Percolator is a system for incrementally processing updates to a large data sets. By replacing a batch-based indexing system with an indexing system based on incremental processing using Percolator, you significantly speed up the process and reduce the time to analyze data.
Percolator’s architecture provides horizontal scalability and resilience. Percolator allows reducing the latency (time between page crawling and availability in the index) by a factor of 100. It allows simplifying the algorithm. The big advantage of Percolator is that the indexing time is now proportional to the size of the page to index and no more to the whole existing index size.

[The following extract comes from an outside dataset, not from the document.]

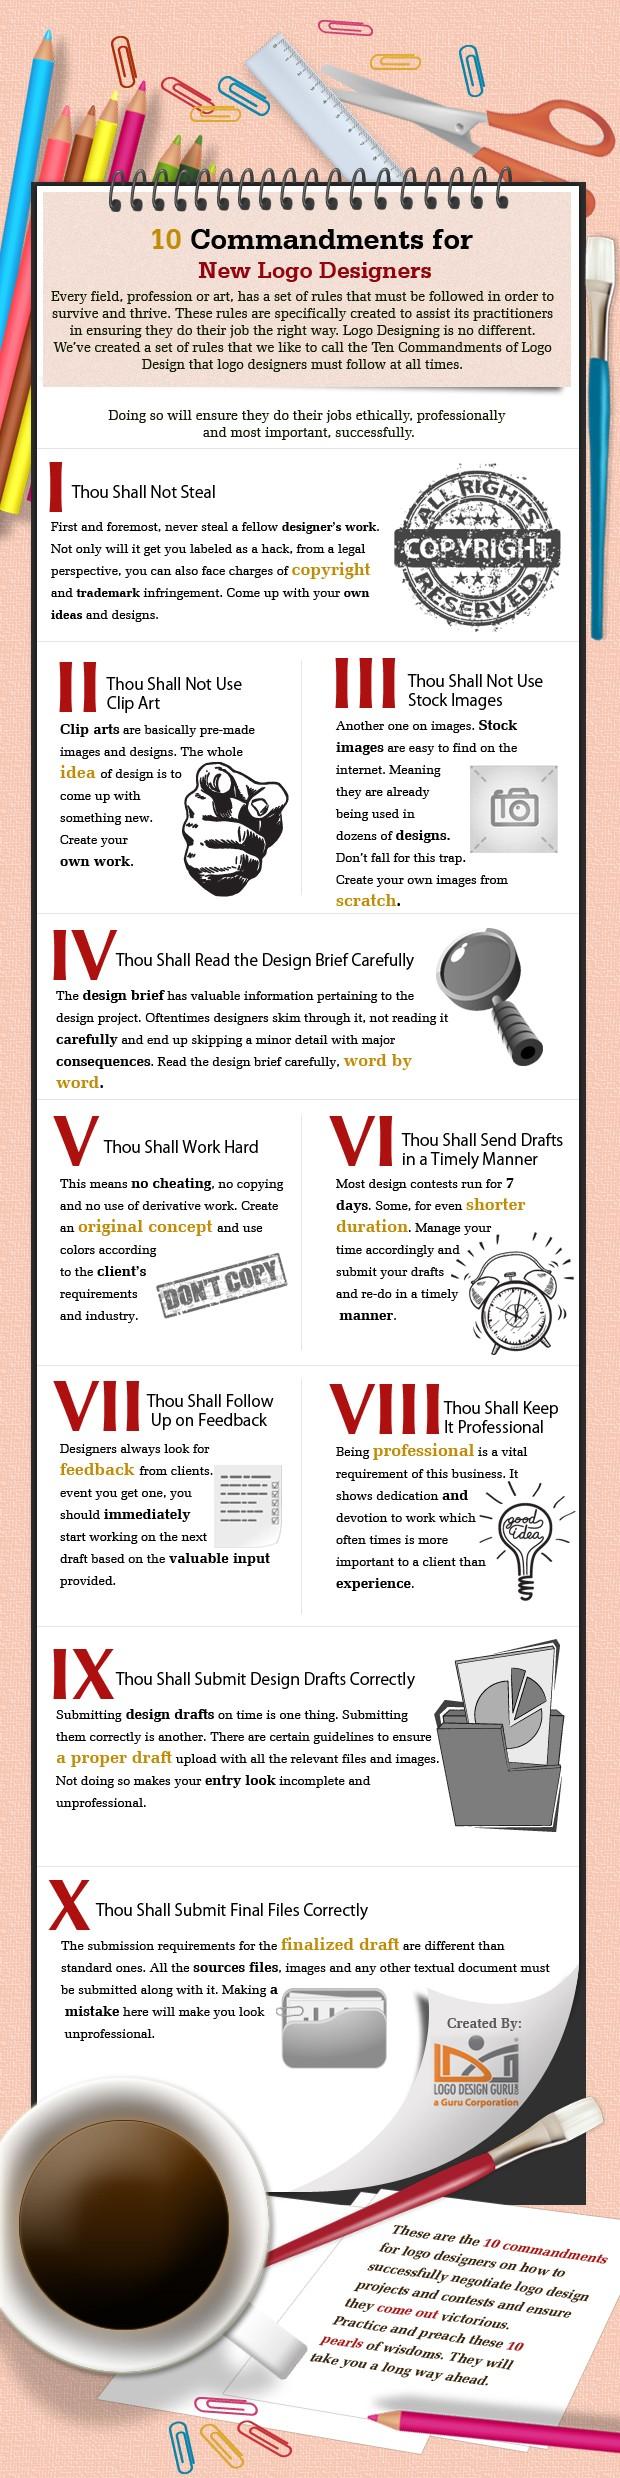 10 Commandments for New Logo Designers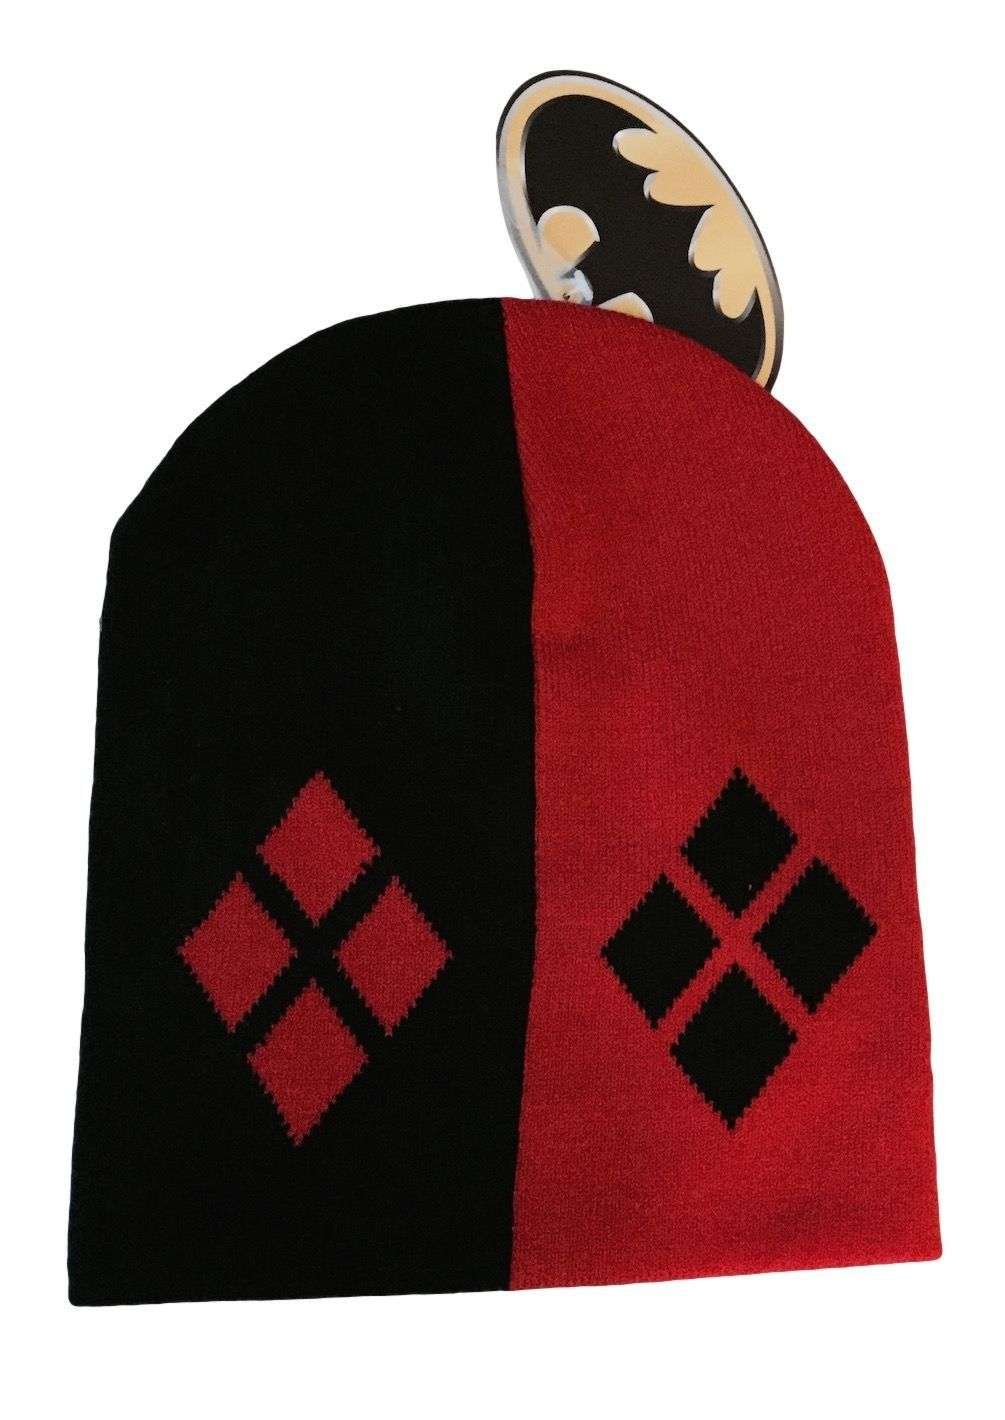 e4b178c8a02 Harley Quinn Symbol Black and Red Slouch Knit Beanie Hat DC Comics Batman  NWT

Dremel is for ad hoc analytics. Dremel is a scalable, interactive ad-hoc query system for analysis of read-only nested data. By combining multi-level execution trees and columnar data layout, it is capable of running aggregation queries over trillion-row tables in seconds. The system scales to thousands of CPUs and petabytes of data and allows analysts to scan over petabytes of data in seconds to answer queries. Dremel is capable of running aggregation queries over trillions of rows in seconds and thus is about 100 times faster than MapReduce.
Dremel's architecture is similar to Pig and Hive. Yet while Hive and Pig rely on MapReduce for query execution, Dremel uses a query execution engine based on aggregator trees.
Pregel is a system for large-scale graph processing and graph data analysis. Pregel is designed to execute graph algorithms faster and use simple code. It computes over large graphs much faster than alternatives, and the application programming interface is easy to use.
Pregel is architected for efficient, scalable and fault-tolerant implementation on clusters of thousands of commodity computers, and its implied synchronicity makes reasoning about programs easier. Distribution-related details are hidden behind an abstract API. The result is a framework for processing large graphs that is expressive and easy to program.